В английских пейзажах было нечто серьезное, настоящее, в корне отличное от Калифорнии 1950 года, мелькнувшей перед глазами Терезы, когда она на краткое время приняла образ Эльзы Дердл. Там ее одолевало ощущение бесконечно раскрывающейся виртуальности: не было ничего, что лежало бы за пределами ее восприятия, однако стоило ей повернуть голову или подъехать к чему-то поближе, как оно, это что-то, мгновенно вплеталось в ткань бытия.
Приблизительно то же самое можно было сказать об английской карте, которая была чем-то вроде языка программирования, системой знаков, символически изображающих ландшафт, остававшийся для нее в большей своей части воображаемым, невиданным и невидимым.

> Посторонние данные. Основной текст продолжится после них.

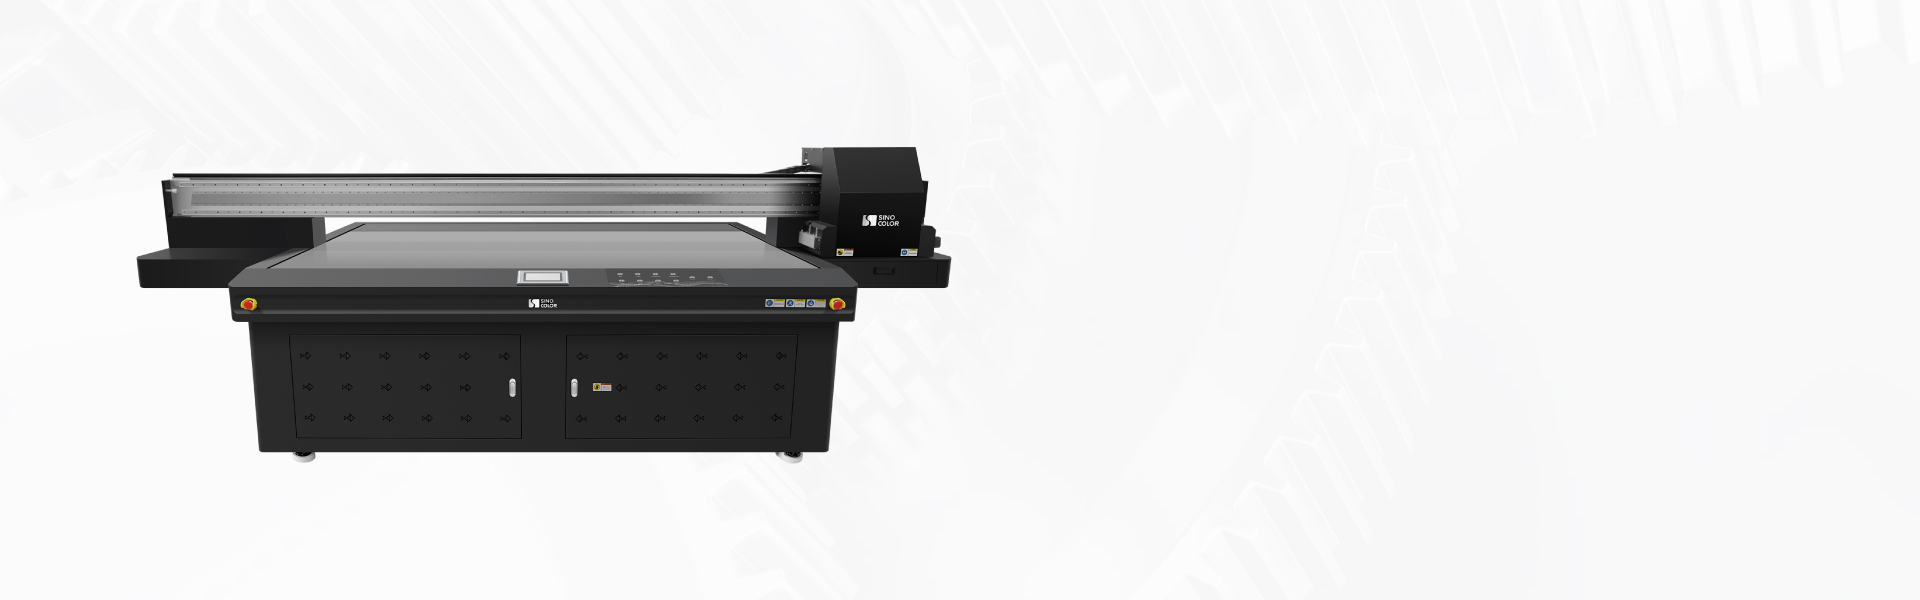 http://www.sinocolordg.com/products/uv-printer/uv-flatbed-printer/large-format-uv-flatbed-printer-fb-2513s.html images

Подразумеваемые знаками объекты обретут реальность, когда древняя Англия ее снов предстанет перед ней как бесконечно разворачивающаяся панорама.
Она выехала из Булвертона по приморской дороге, пересекла Певенсийскую равнину и в конце концов, миновав несколько крошечных деревушек, выехала на большое шоссе, связывавшее Истбурн с Лондоном. Здесь она свернула налево, к Лондону, и прибавила скорость. Подняв стекло, чтобы не задувало, она поставила компакт-диск «Оазиса», один из нескольких дисков, найденных ею в машине. Тереза и раньше слышала эту группу, но как-то краем уха, невнимательно, сейчас же она вывела громкость почти на максимум.
За рулем ей легче думалось, и едва ли не все решения, оставившие след в ее памяти, были приняты в автомобиле. Не все они, конечно же, оказывались на поверку верными, но это не делало их менее памятными.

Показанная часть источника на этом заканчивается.